The result should hold only the lines from the one with "Scream 2022 Ending" through the final line of the data below, transcribed exactly, pictures left out.

_DATA SEGMENT_
[Start of Attachment]
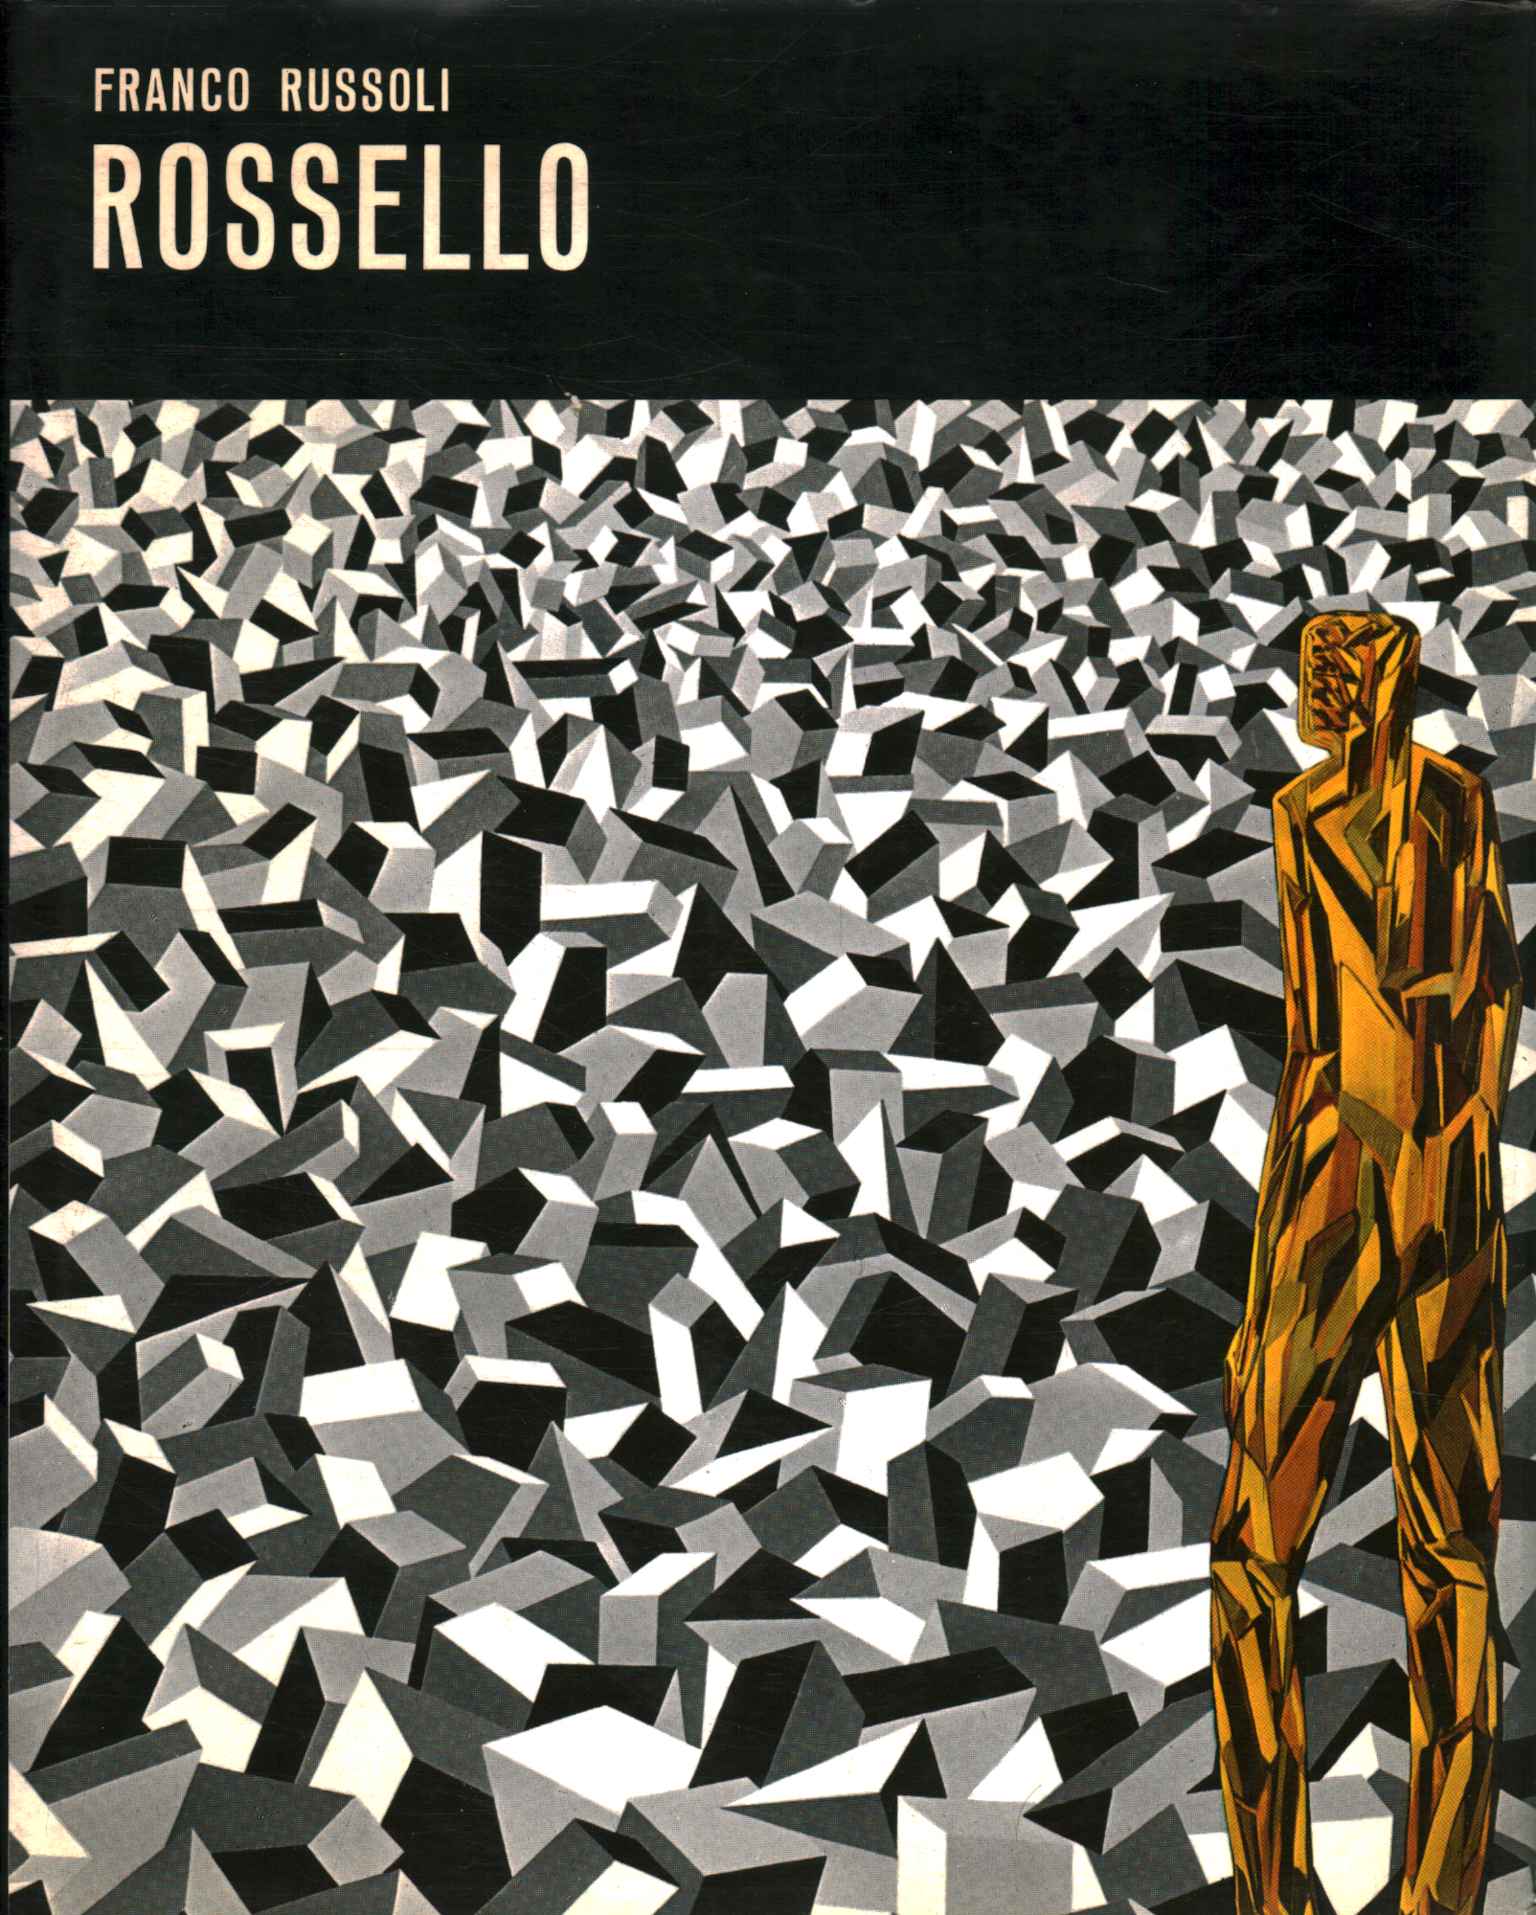 Libri - Arte - Contemporanea,Franco Russoli Rossello
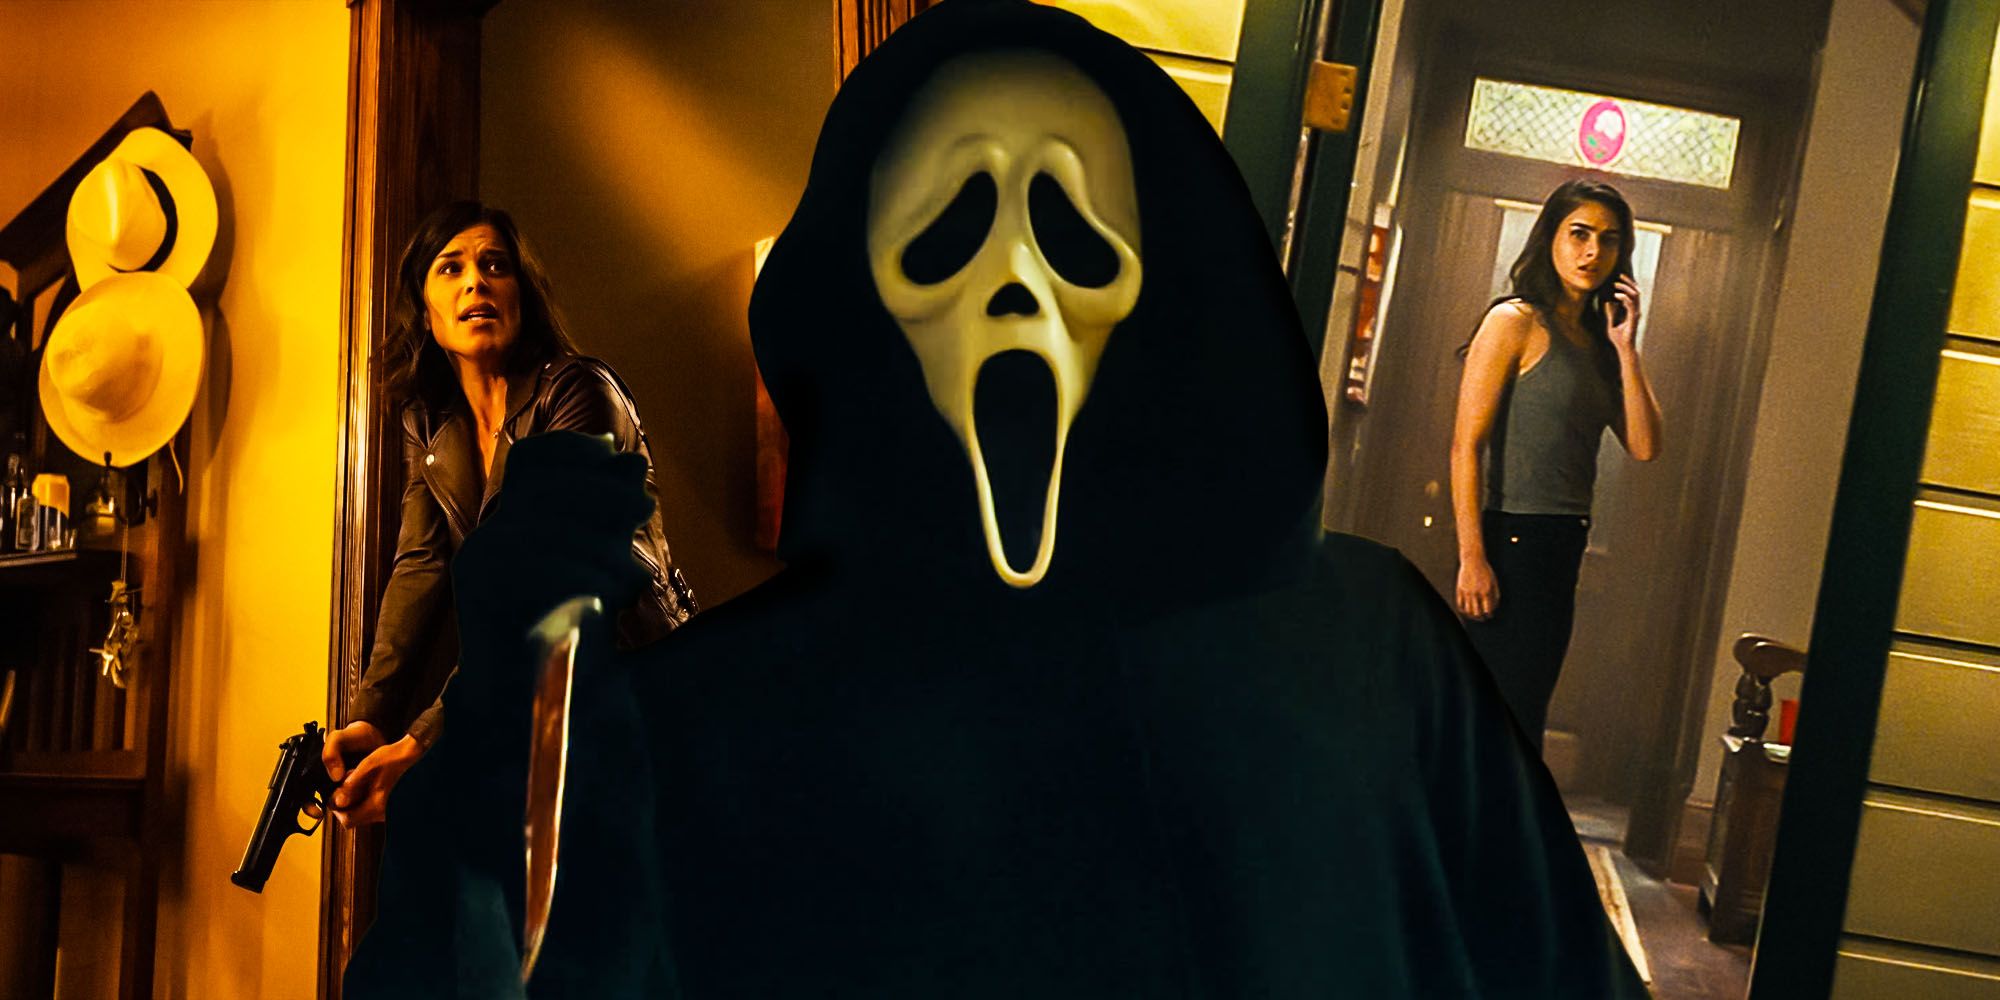 Scream 2022 Ending & Ghostface Killer Identity Explained
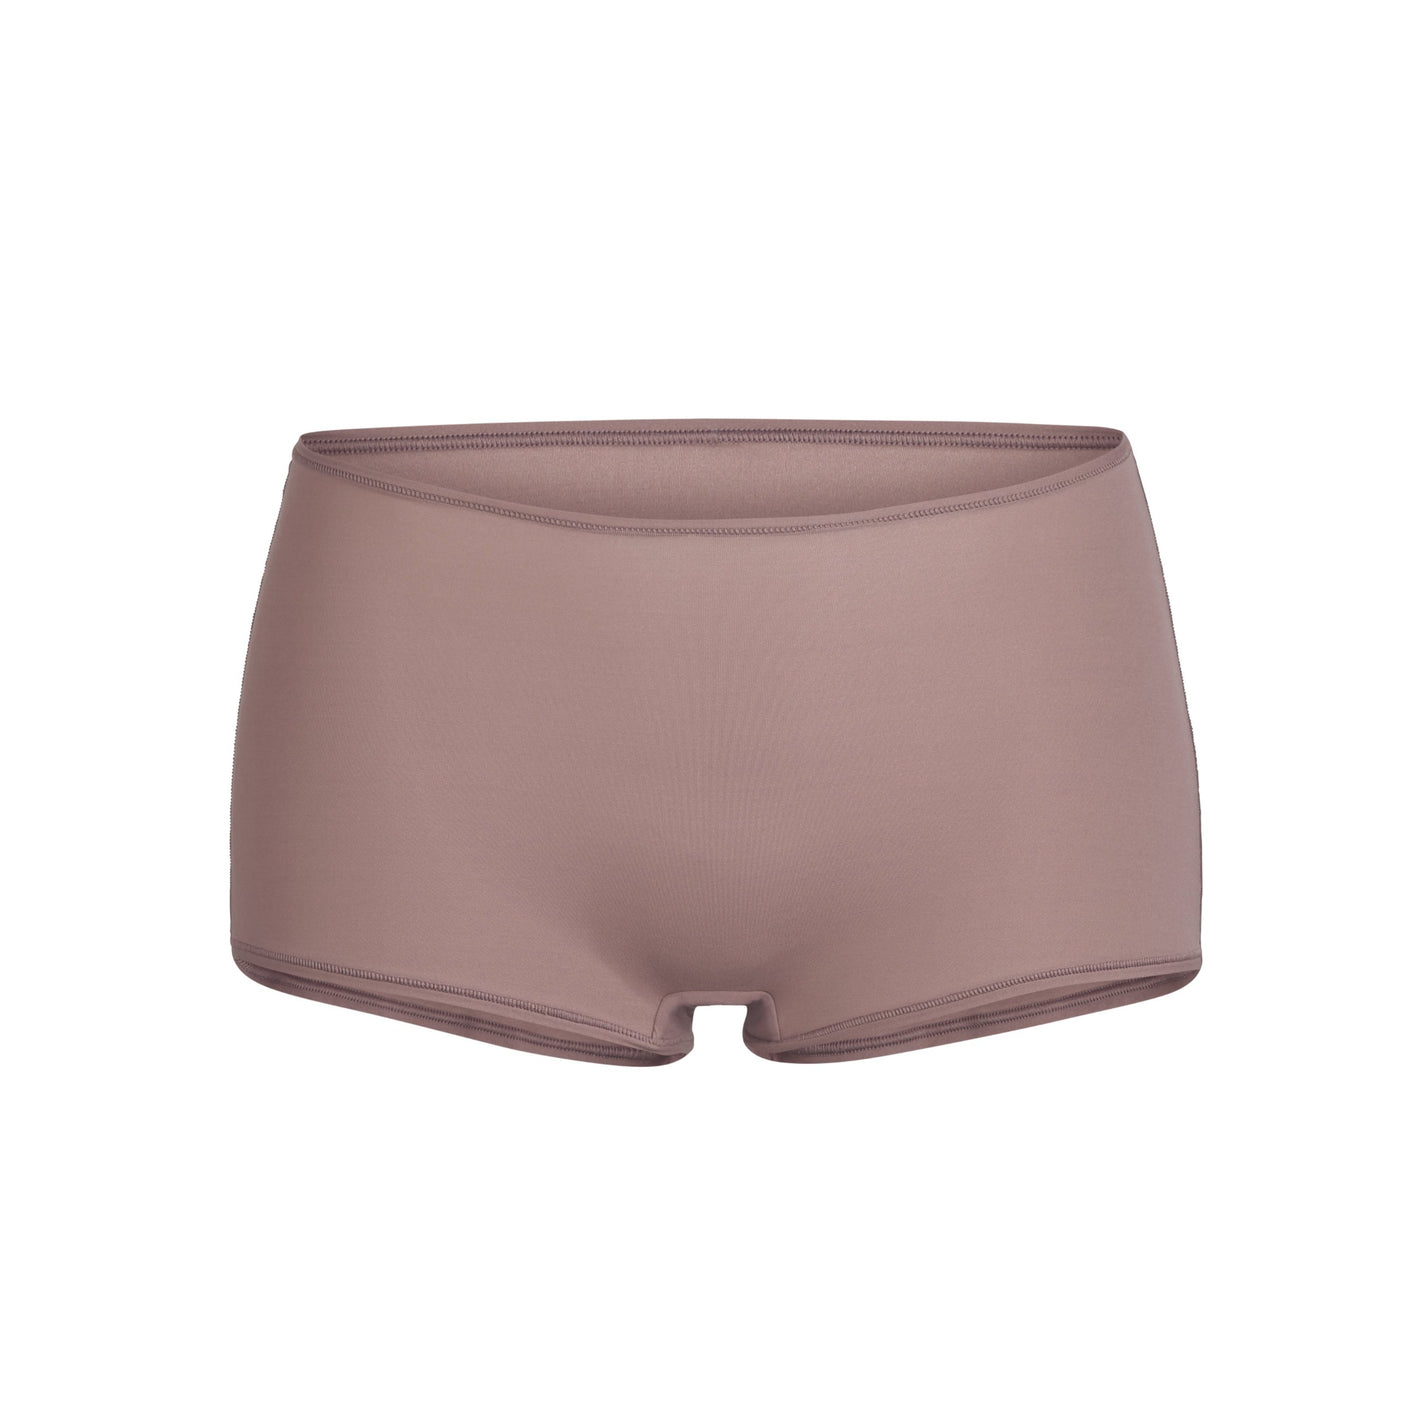 SKIMS Fits Everybody Boy Shorts - Umber - ShopStyle Panties
[End of Attachment]
_EXERCISE RESPONSE_
 Scream 2022 Ending & Ghostface Killer Identity Explained
 SKIMS Fits Everybody Boy Shorts - Umber - ShopStyle Panties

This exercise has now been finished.